(Stored data begins)
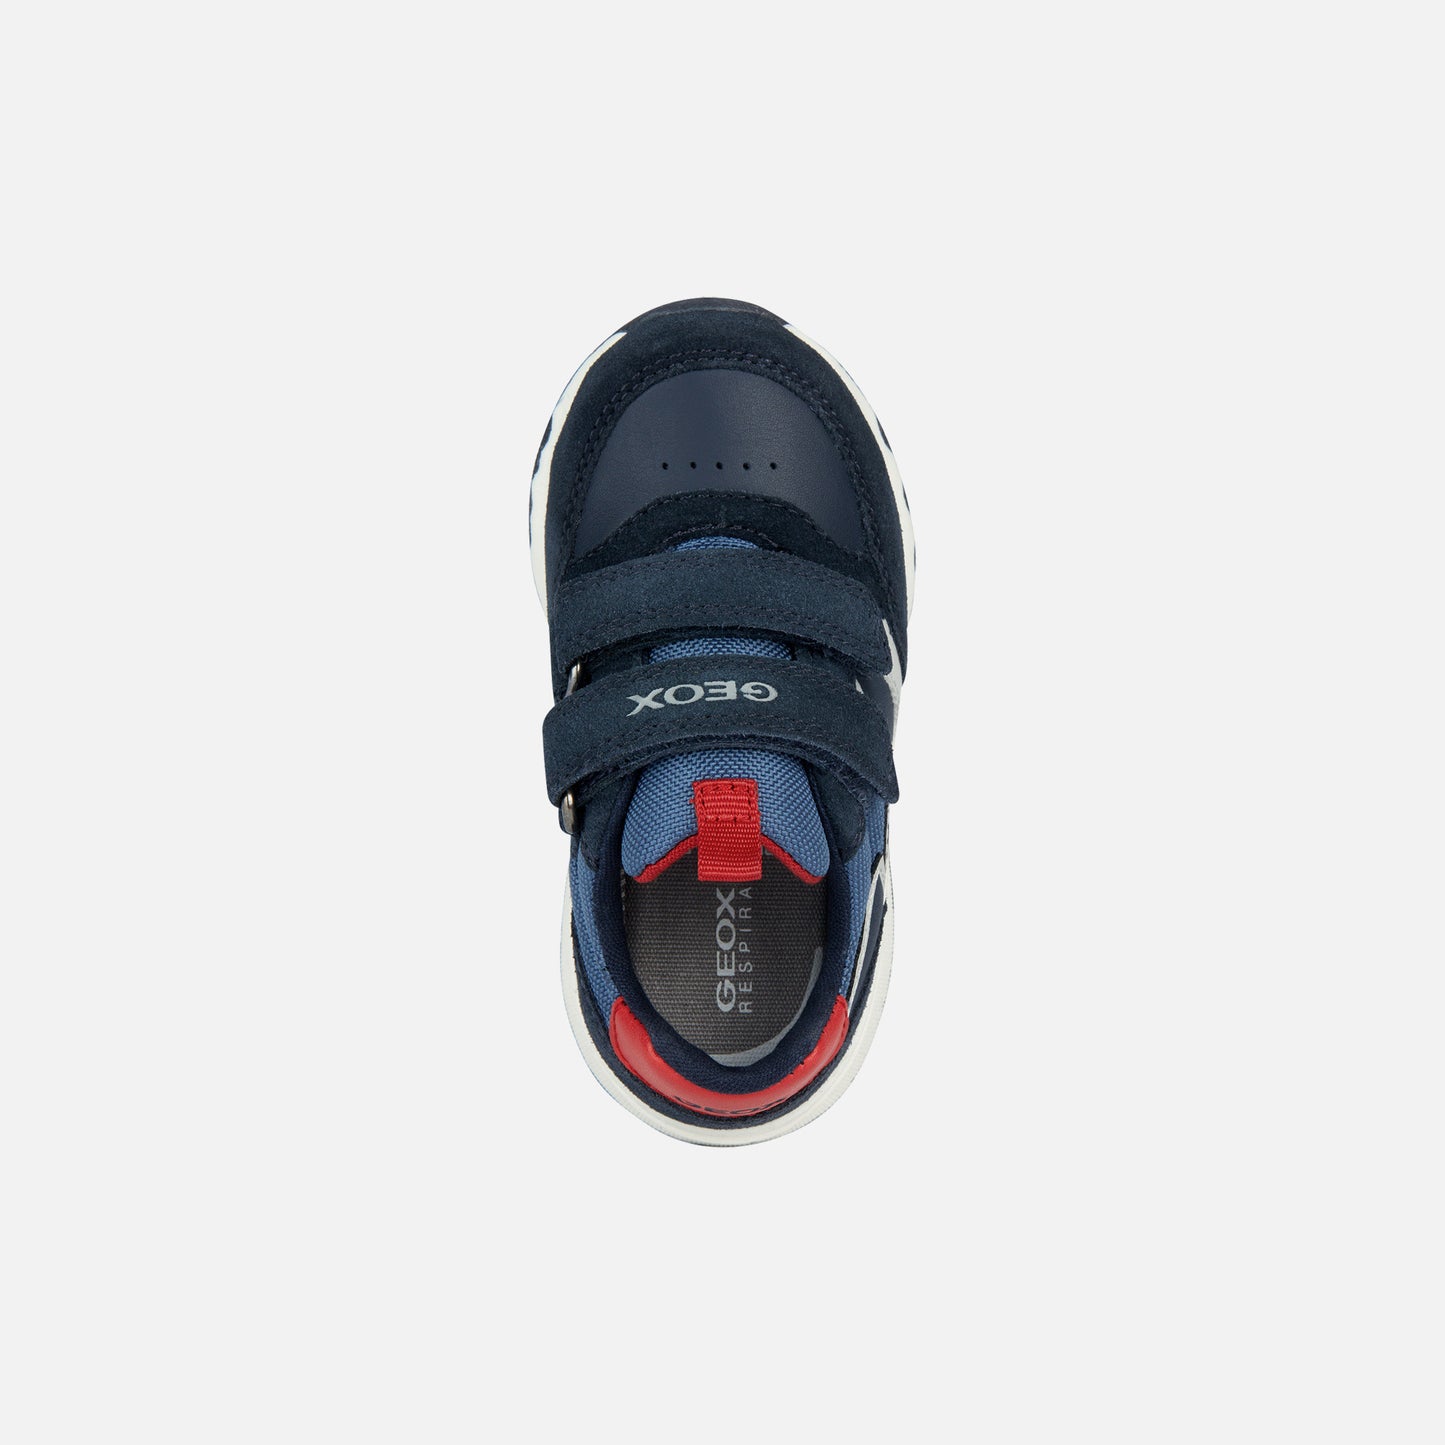 A casual sports trainer by Geox, style B Pyrip Boy, in navy suede/ other material with red heel and tab and light grey star outline on the side. Double velcro fastening. Above view.
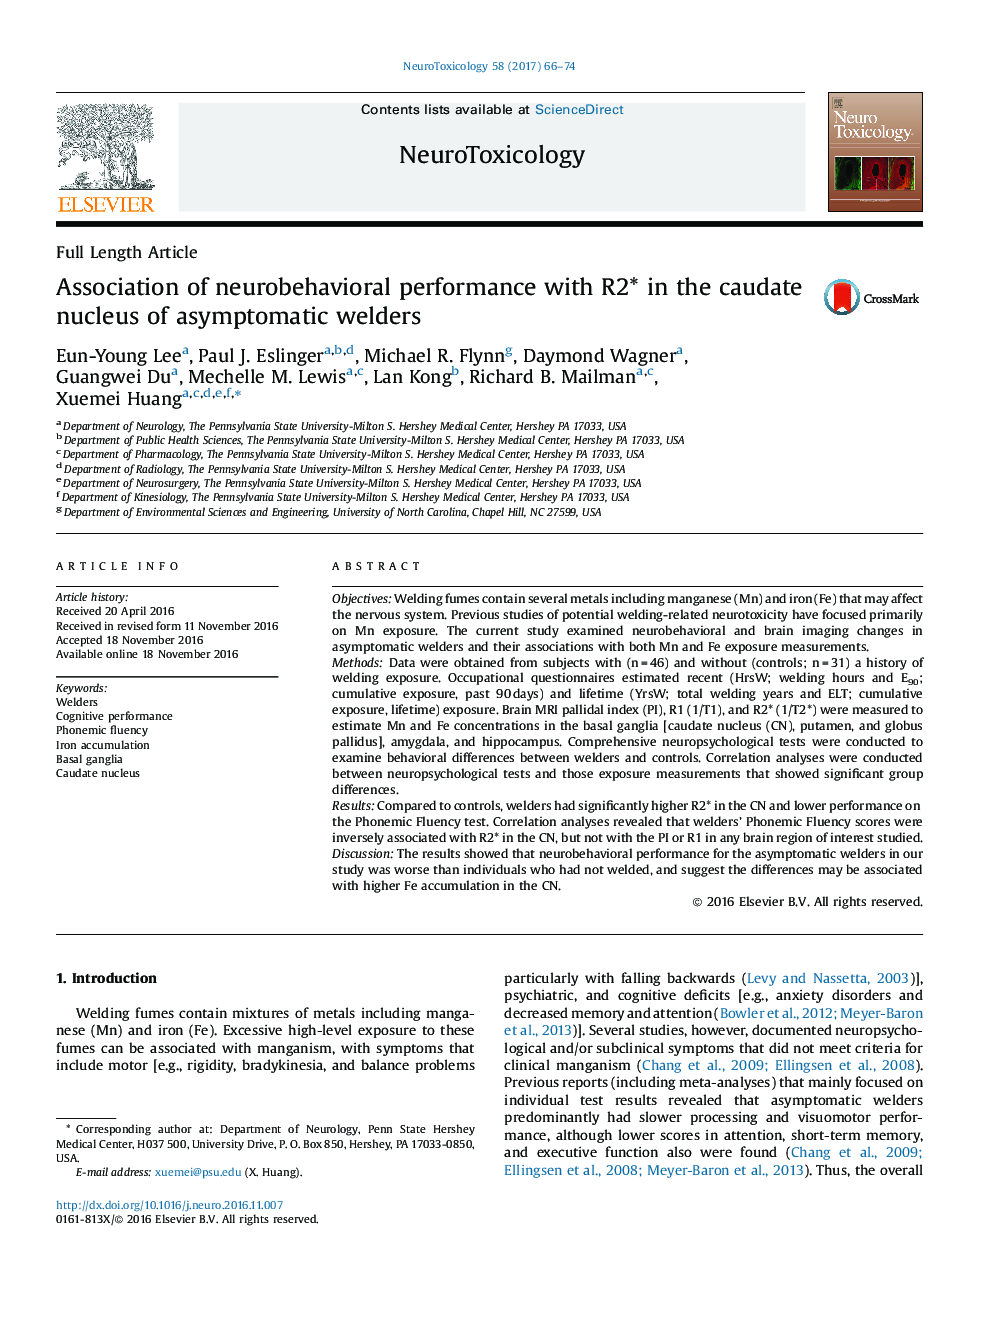 Association of neurobehavioral performance with R2* in the caudate nucleus of asymptomatic welders
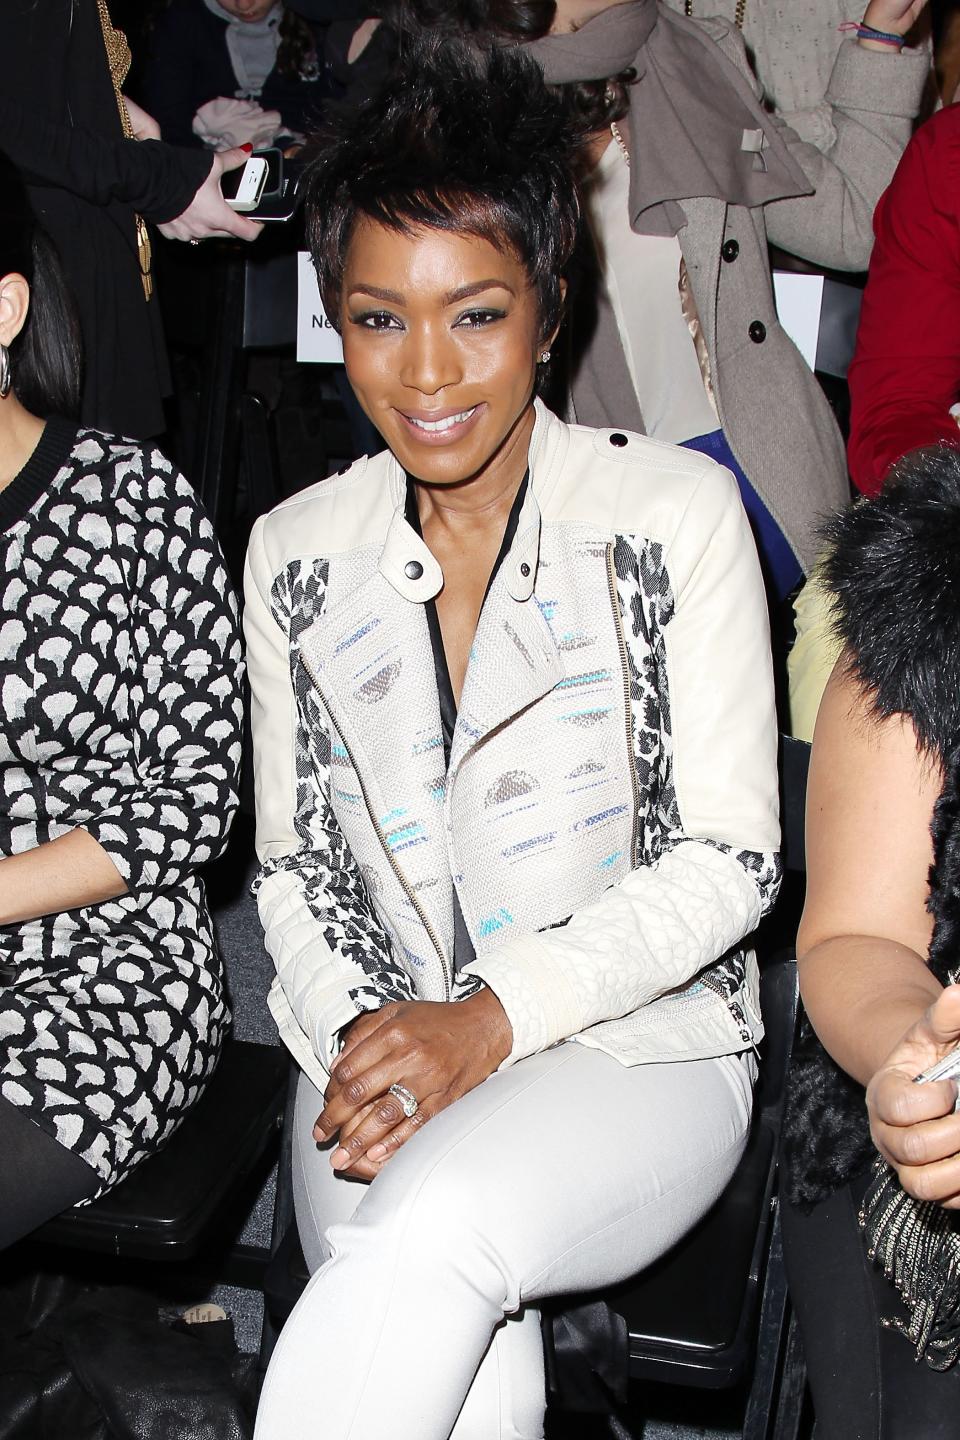 This image released by Starpix shows actress Angela Bassett at the Tracy Reese Fall 2013 show during Fashion Week in New York, Sunday, Feb. 10, 2013. (AP Photo/Starpix, Kristina Bumphrey)
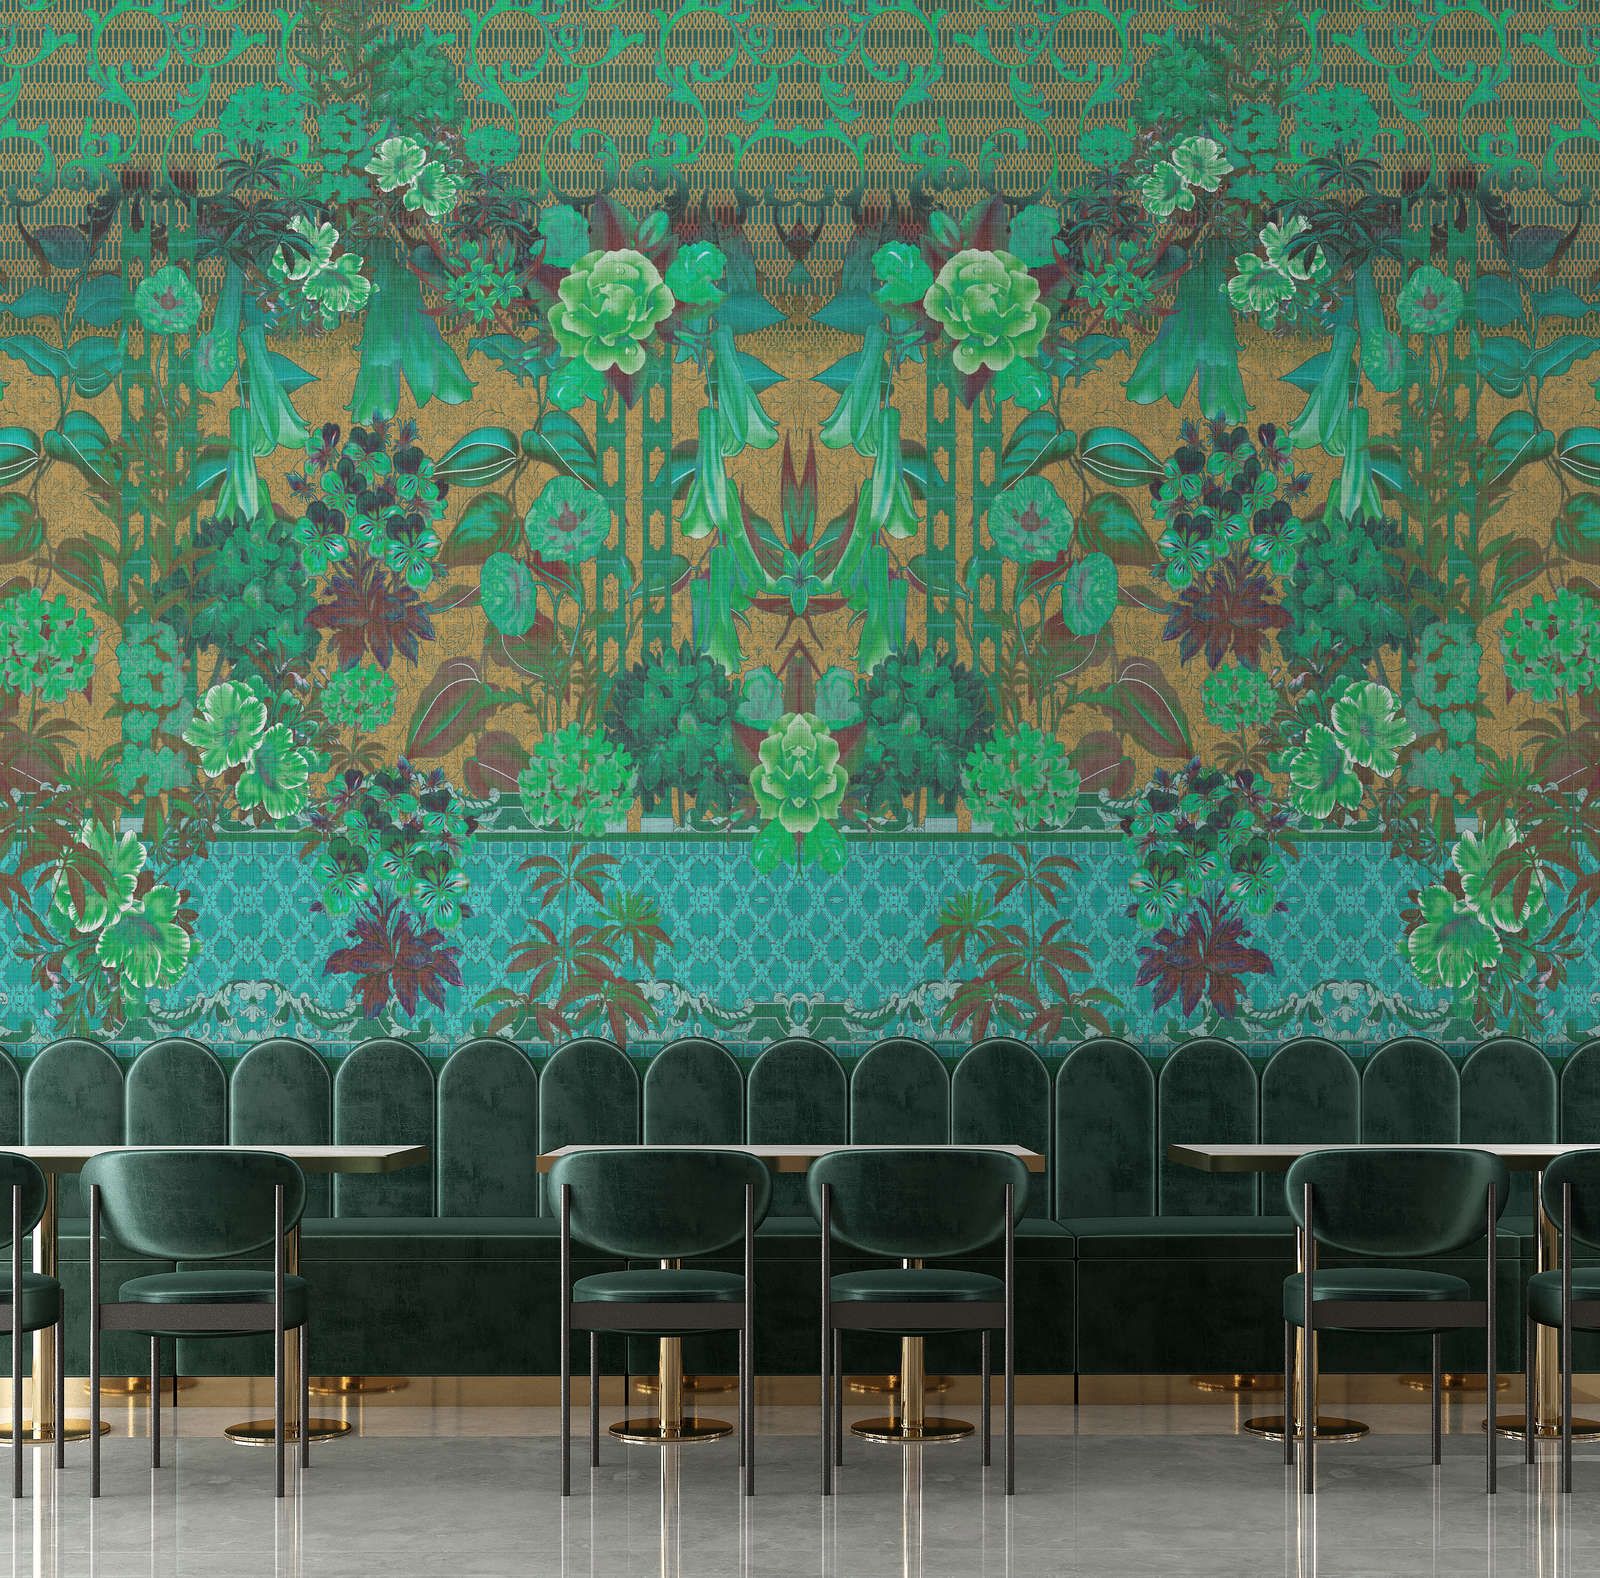             Photo wallpaper »sati 2« - Floral design & ornaments with linen structure look - Green | Smooth, slightly pearly shimmering non-woven fabric
(Stored data ends)
Exercise directions => The answer must be the exact lines from the line with "Association of neurobehavioral" to the final line of the data, both ends included, with no pictures.

Output for this task =>
 Association of neurobehavioral performance with R2* in the caudate nucleus of asymptomatic welders
 This image released by Starpix shows actress Angela Bassett at the Tracy Reese Fall 2013 show during Fashion Week in New York, Sunday, Feb. 10, 2013. (AP Photo/Starpix, Kristina Bumphrey)
             Photo wallpaper »sati 2« - Floral design & ornaments with linen structure look - Green | Smooth, slightly pearly shimmering non-woven fabric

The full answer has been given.